Dataset excerpt:
* * * *

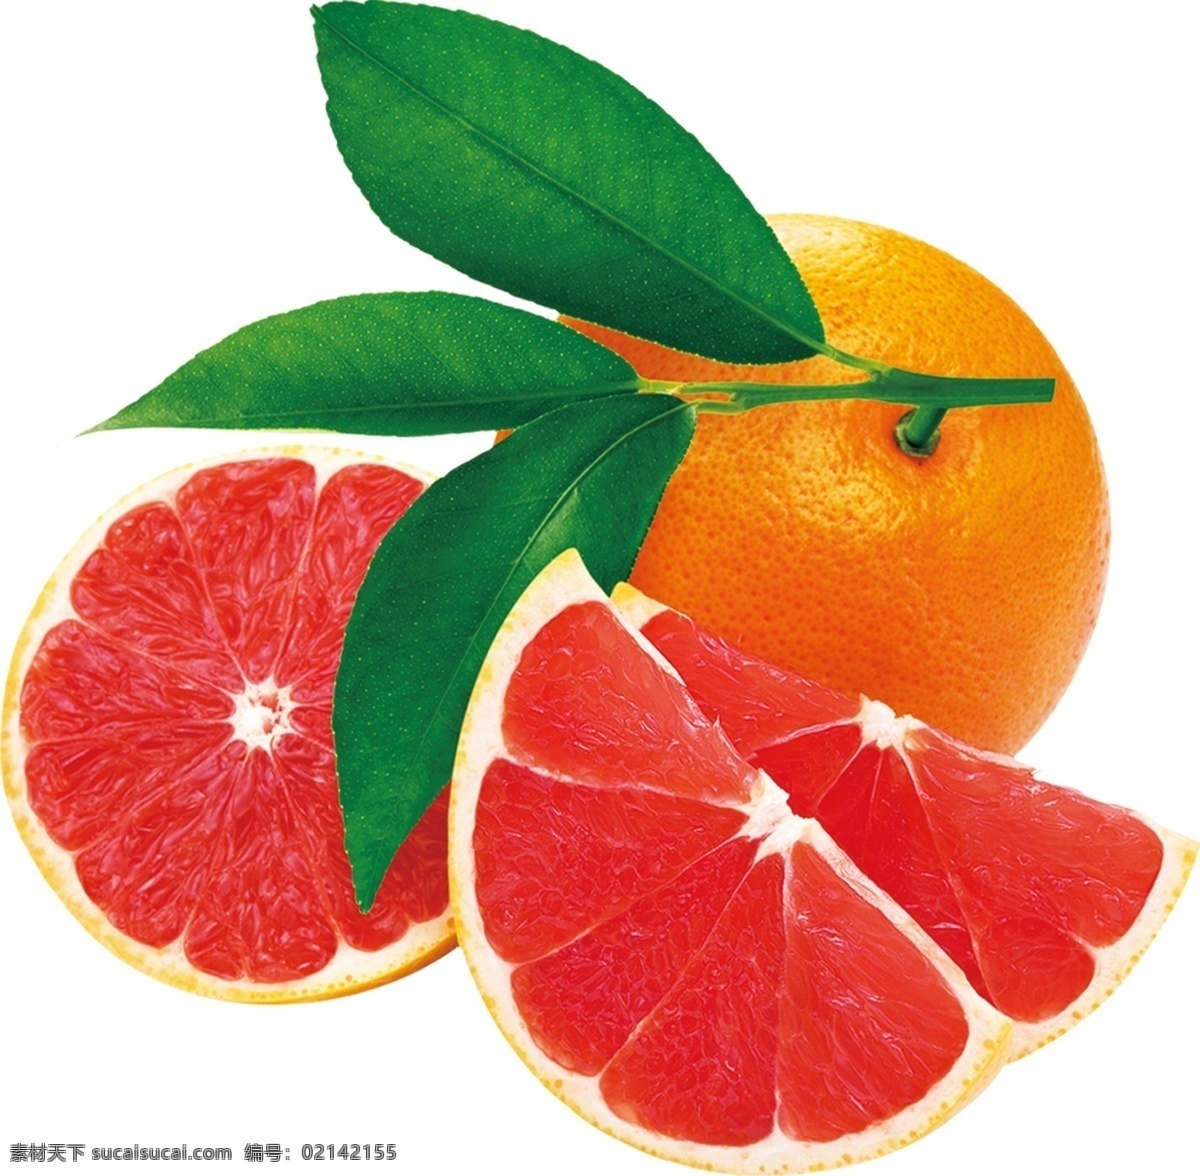 橙子图片 血橙 高清 脐橙 红色 包装设计
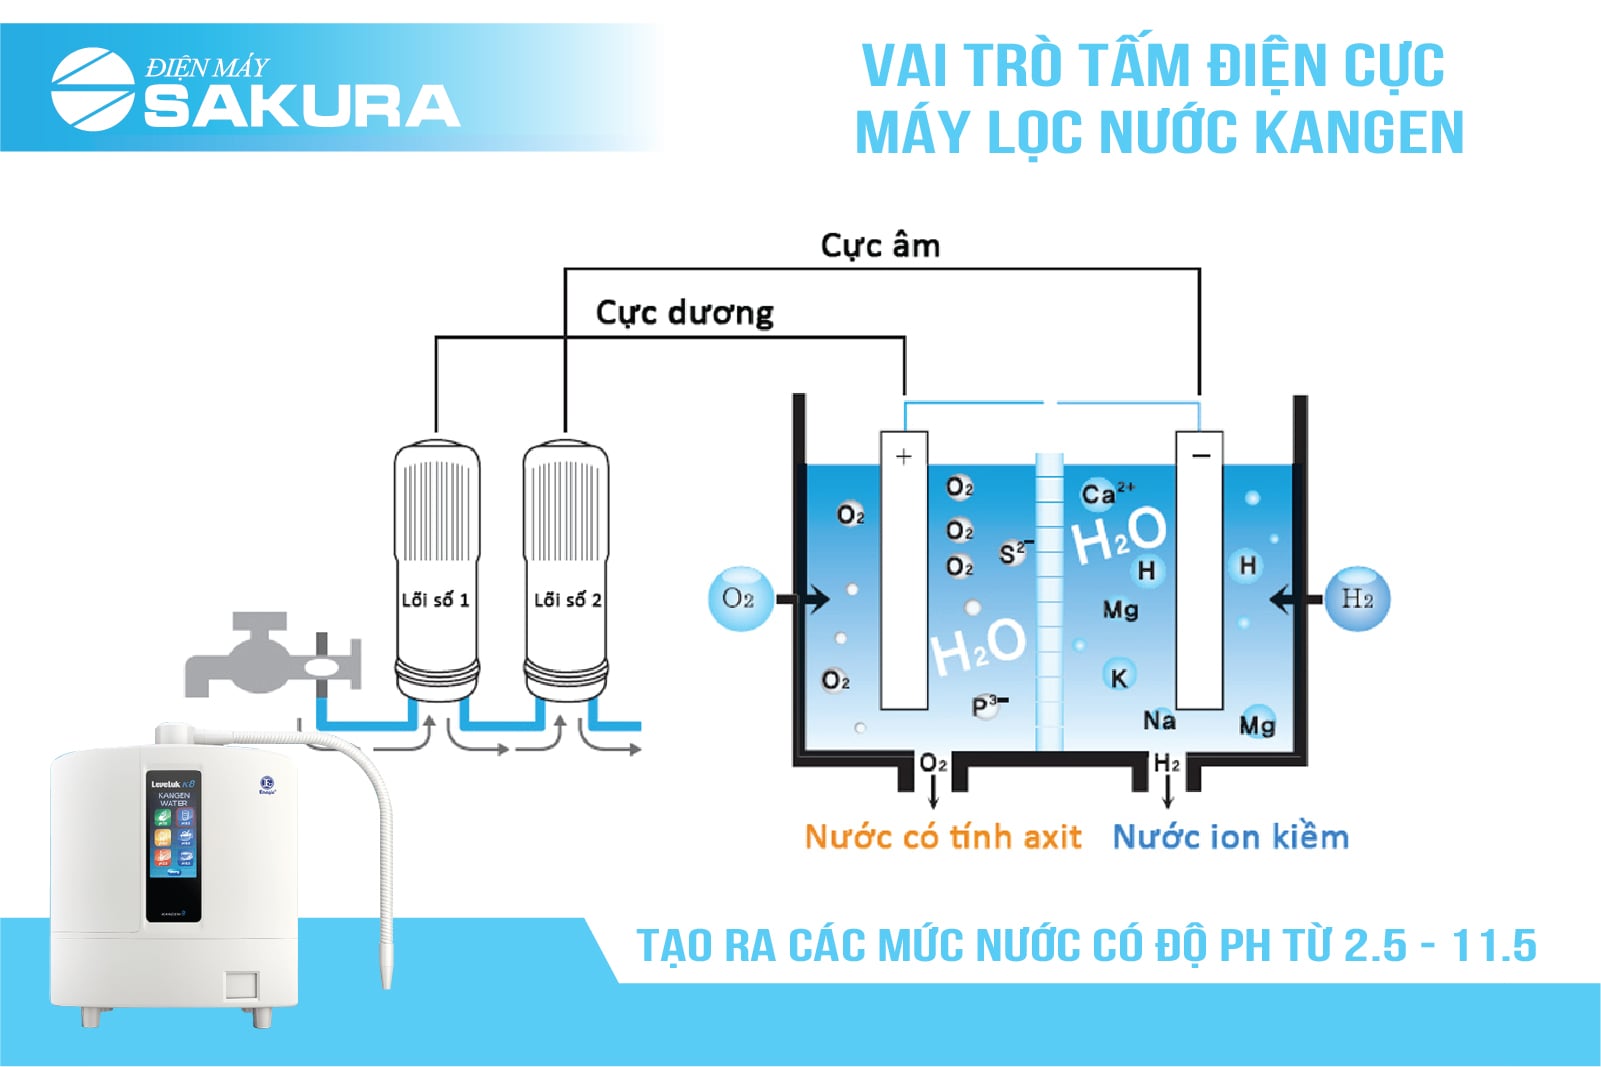 Vai trò tấm điện cực máy lọc nước Kangen
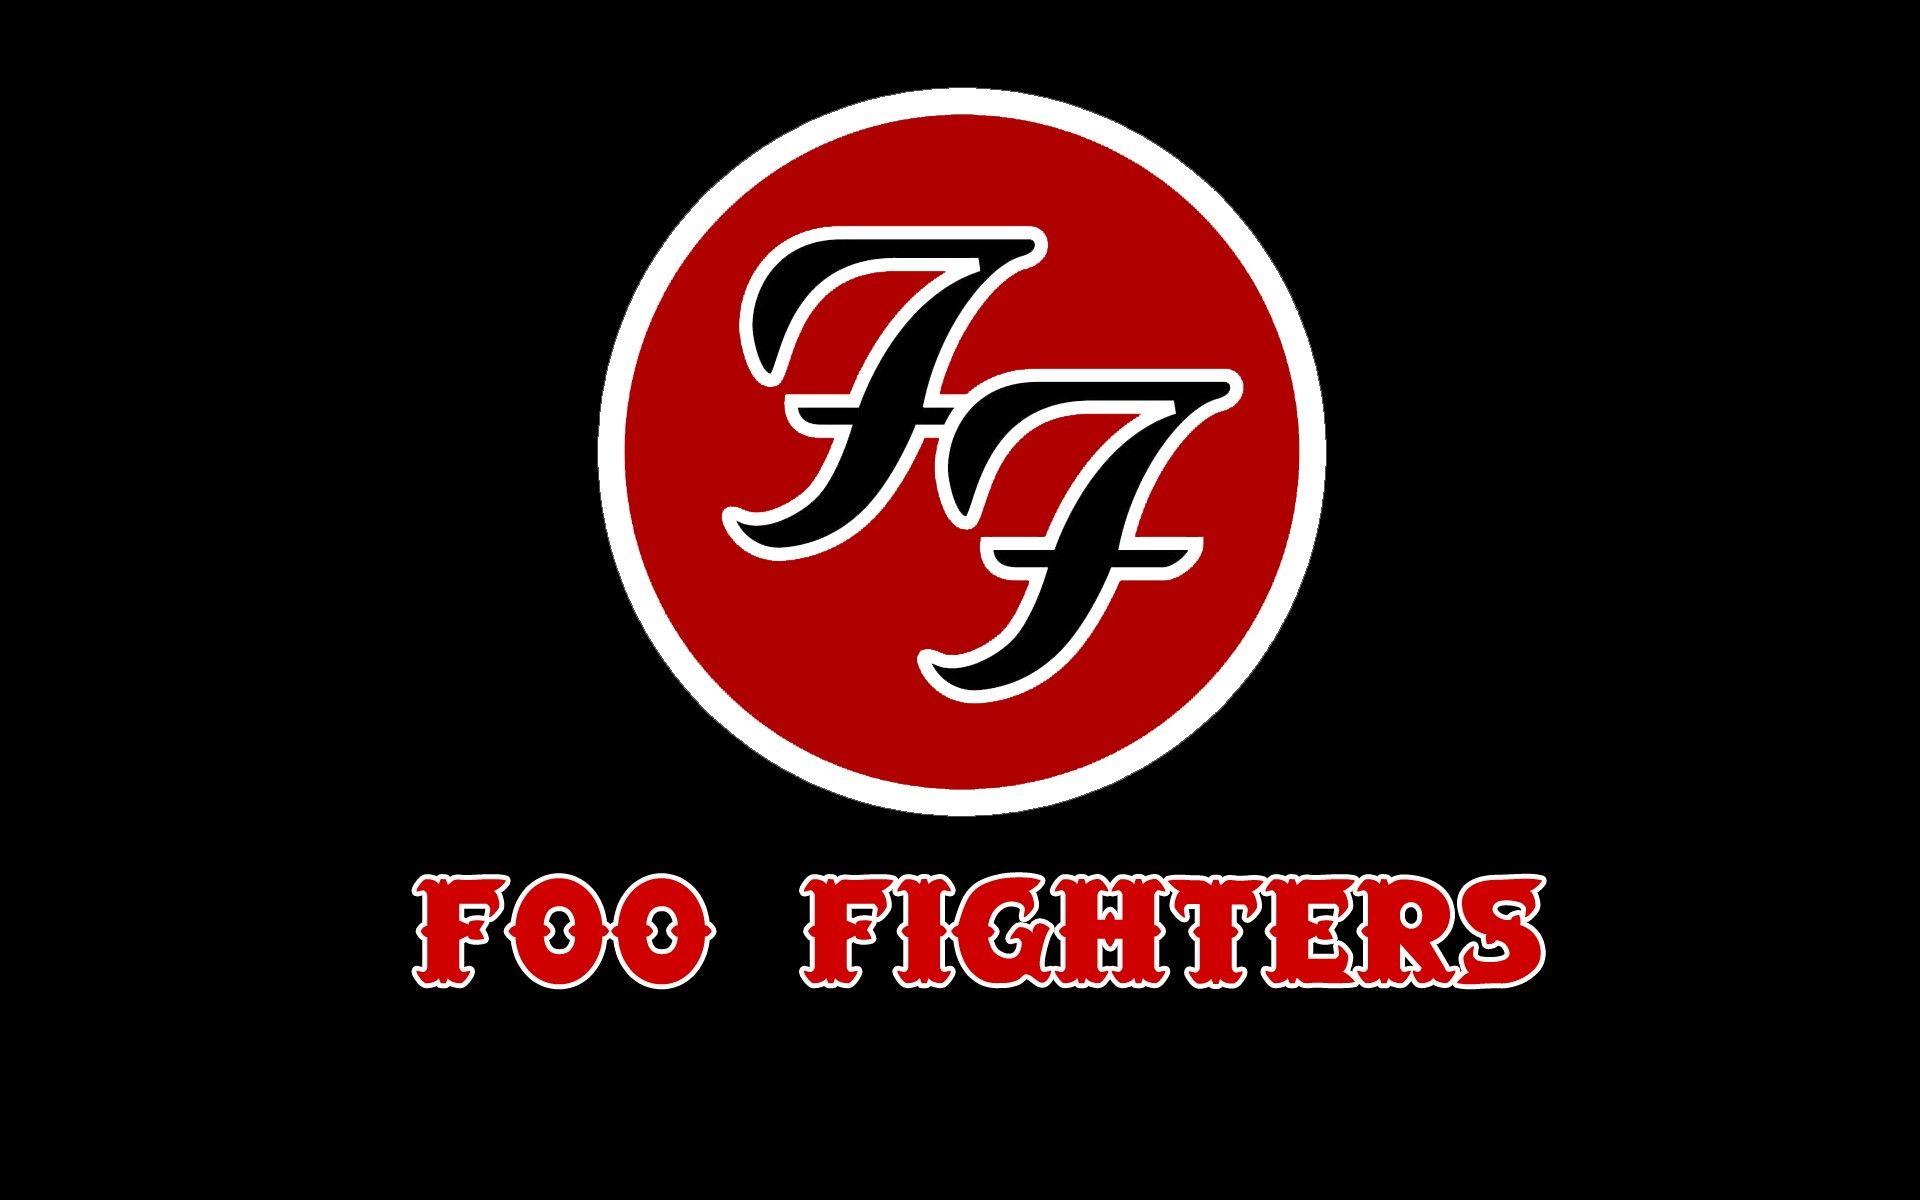 Foo Fighters. Full HD Widescreen wallpaper for desktop

* * * *

What is expected:
Where the line containing "Vai trò tấm điện cực máy lọc nước Kangen" appears in the data above, begin there and output every line through the last, exactly and without pictures.

Output of the exercise:
 Vai trò tấm điện cực máy lọc nước Kangen
 Foo Fighters. Full HD Widescreen wallpaper for desktop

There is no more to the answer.